Texto: Lola Escudero

Boletín 78 – Sociedad Geográfica Española

Viajeros ilustrados. El viaje de España.

Maria Josefa de Pimentel fue la gran figura femenina del siglo XVIII en España. Inteligente, fiel a sus amigos y dotada de una gran curiosidad científica y artística que conservó hasta su muerte, a los 83 años, esta aristócrata retratada por Goya, fue una fiel exponente de su época. Mecenas de grandes artistas, anfitriona del salón más famoso de la ilustración madrileña, la Duquesa de Osuna fue protagonista indiscutible de un momento en el que España soñaba con ponerse al nivel de Europa.

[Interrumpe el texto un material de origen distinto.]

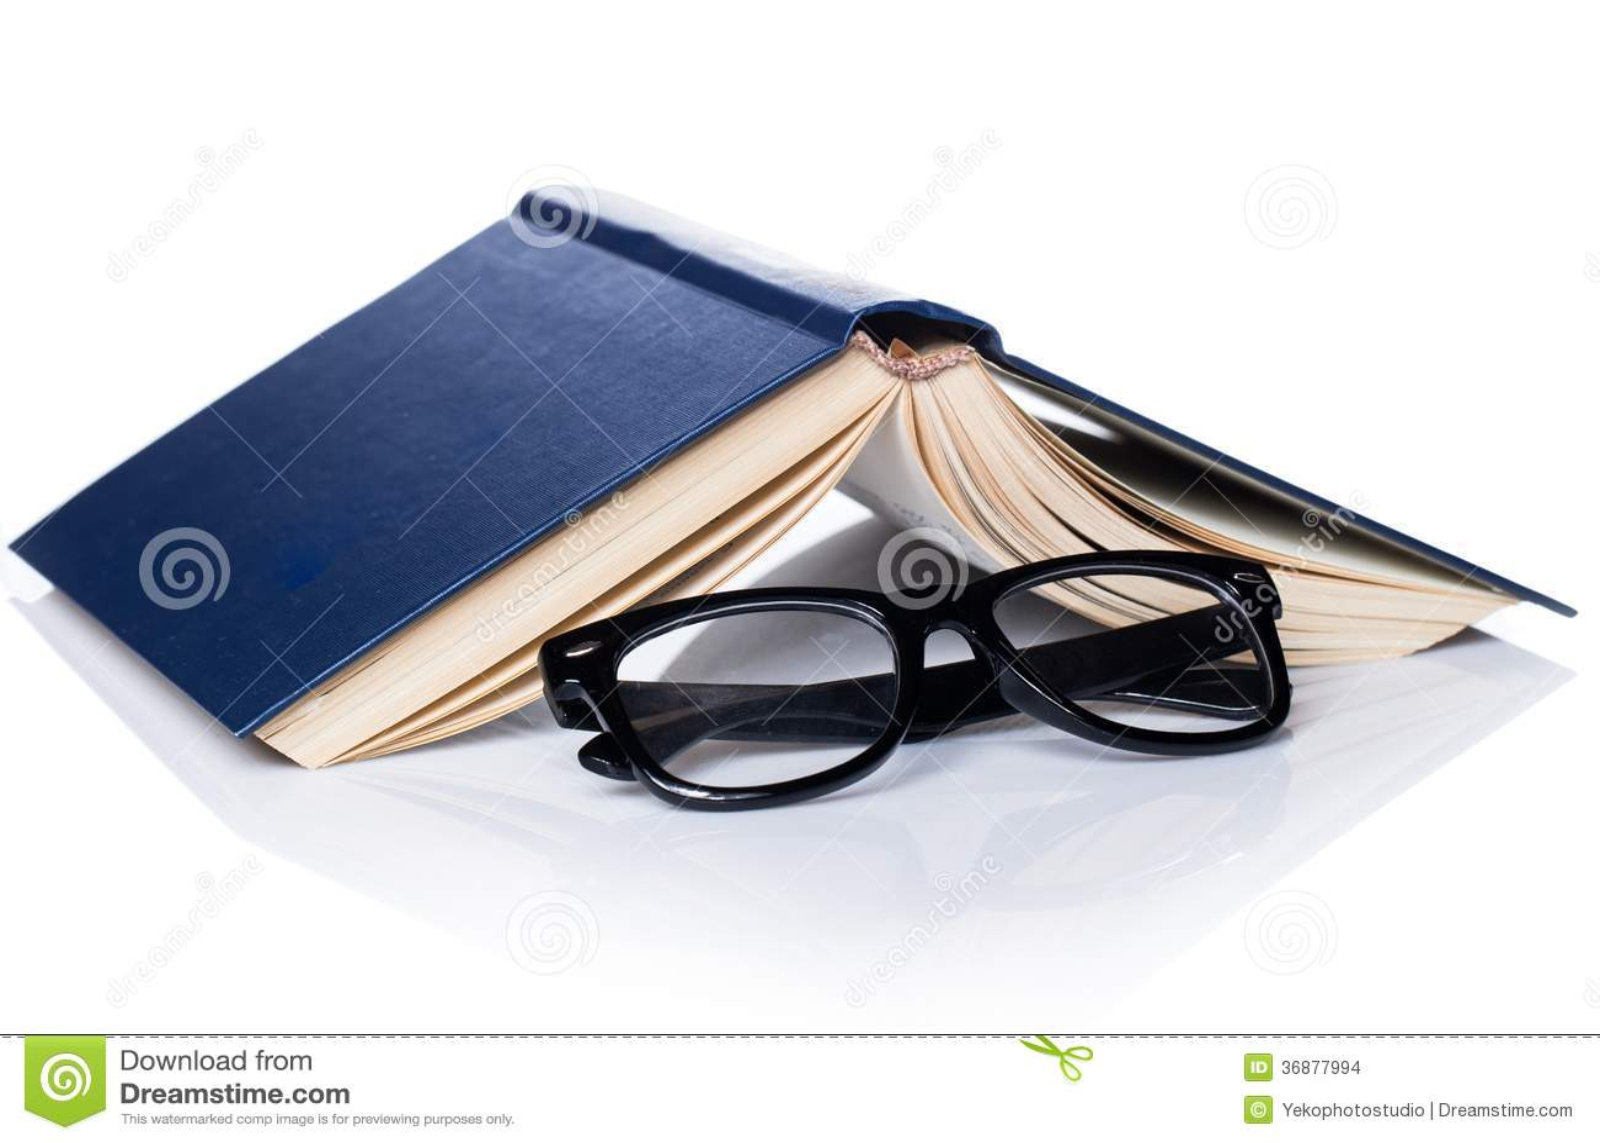 Download Istruzione, Scienza. Vecchio Libro Su Fondo Bianco Fotografia Stock - Immagine di libreria, bibbia: 36877994

Viajó en contadas ocasiones y siempre forzada por las circunstancias (las mujeres españolas todavía no se habían incorporado a la moda del Gran Tour o los viajes románticos), pero dejó numerosas cartas y diarios en los que podemos seguir los pormenores de aquellos desplazamientos, no siempre felices.

Celebrity, influencer, famosa… así llamarían en nuestros tiempos a la IX Duquesa de Osuna, Maria Josefa de Pimentel, una mujer singular que vivió a caballo de los siglos XVIII y XIX y que representó a las mujeres españolas más avanzadas del llamado Siglo de las Luces. Fue probablemente la dama más interesante y sofisticada del Madrid de su época, anfitriona de tertulias y veladas literarias o musicales en las que reunía a lo mejor de la sociedad madrileña. A ella se deben también algunos avances de su época en los cuidados de los niños, como la vacunación de la viruela o mejoras en la lactancia, a través de la Junta de Damas, de la que fue presidenta e impulsora.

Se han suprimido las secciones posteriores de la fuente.